[DATASET EXCERPT]
[Start of Attachment]

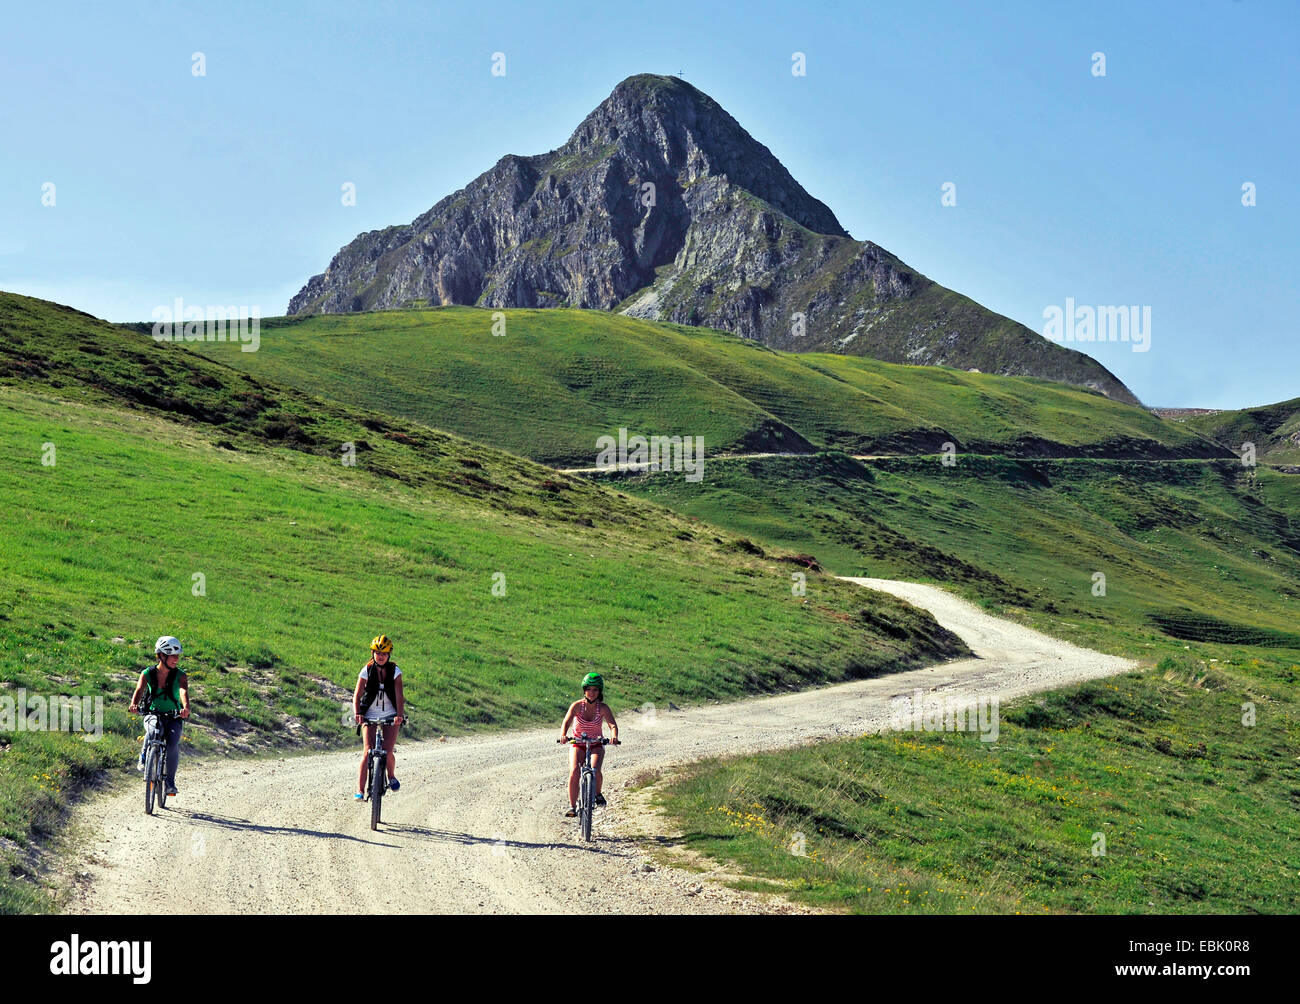 three teenagers mountain biking on a path in idyllic mountain scenery, France, Savoie, La Plagne Stock Photo
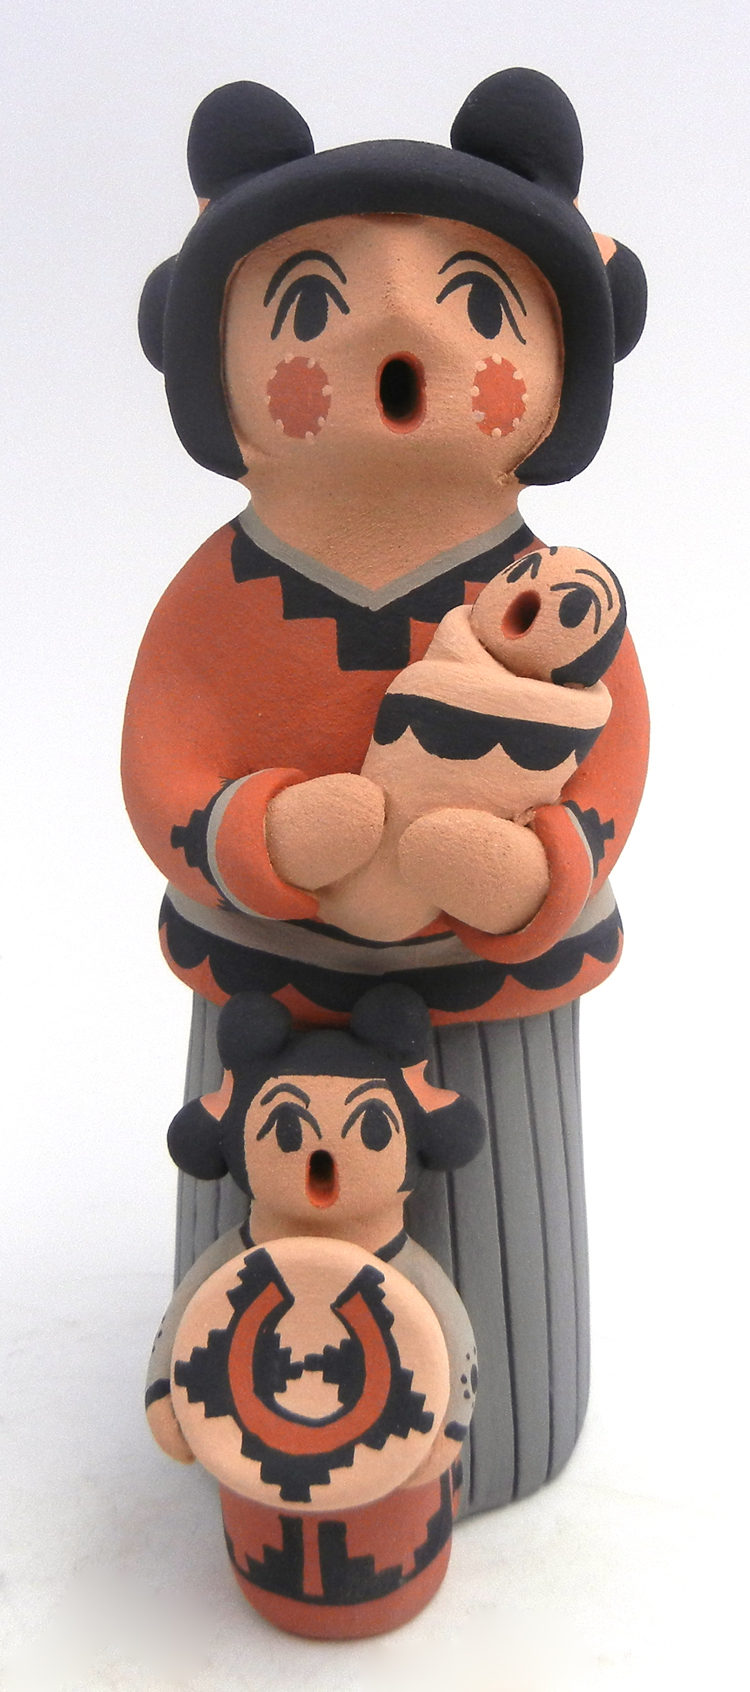 Jemez standing storyteller figurine with two children by Chrislyn Fragua
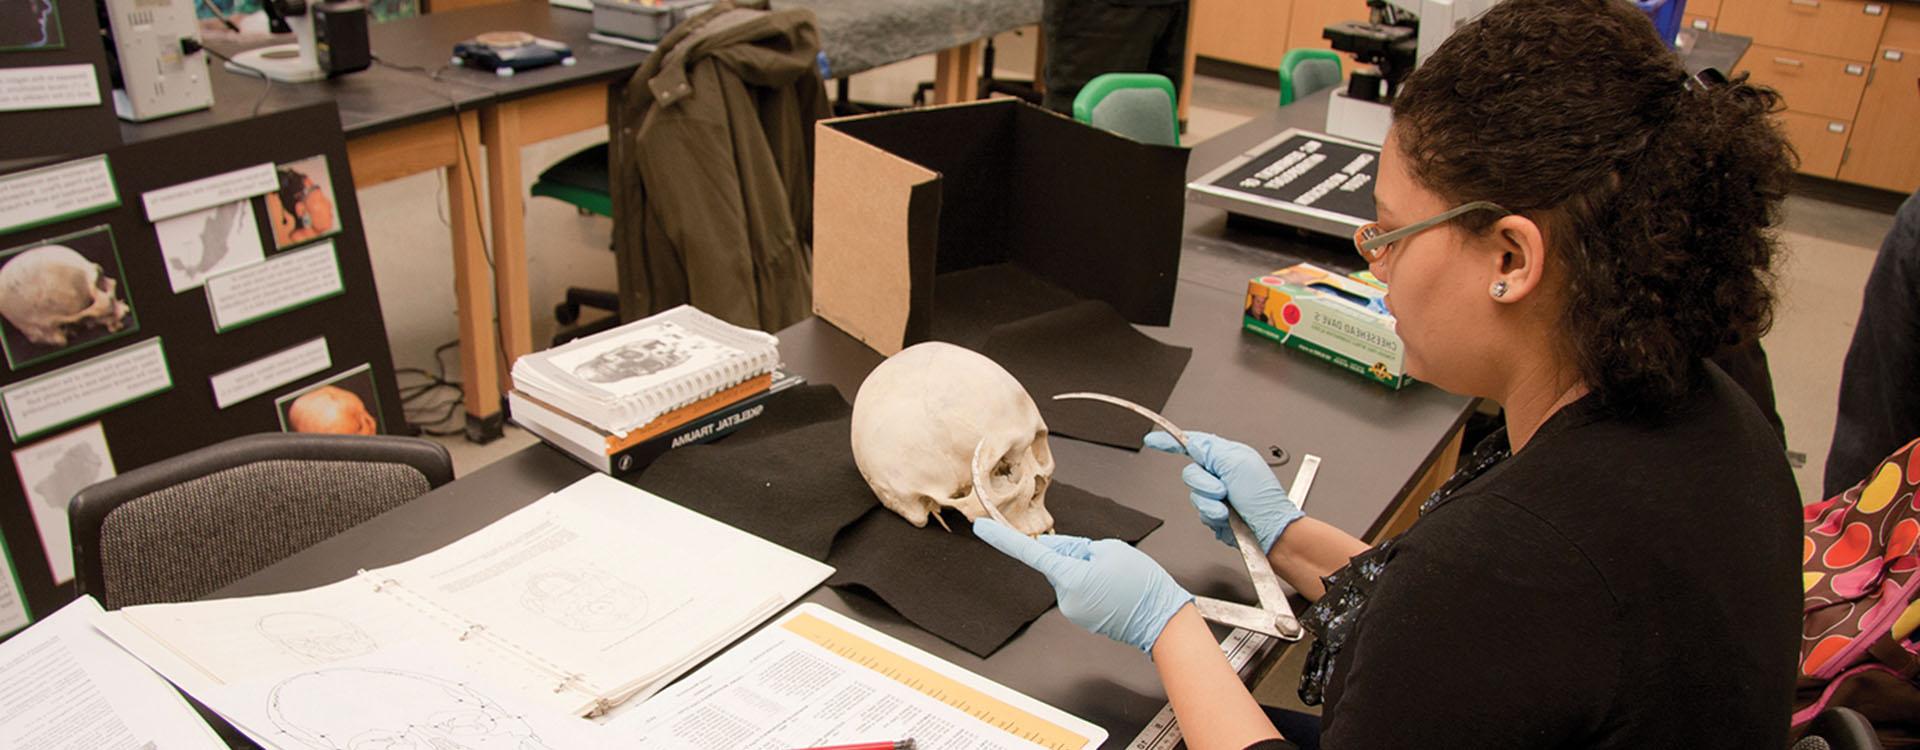 WLC student measuring skull in lab

[End of Attachment]

[WORK TASK] An exact repeat of the listing above, pictures excluded, is the answer.

[THE COMPLETED TASK]
 three teenagers mountain biking on a path in idyllic mountain scenery, France, Savoie, La Plagne Stock Photo
 Jemez standing storyteller figurine with two children by Chrislyn Fragua
 WLC student measuring skull in lab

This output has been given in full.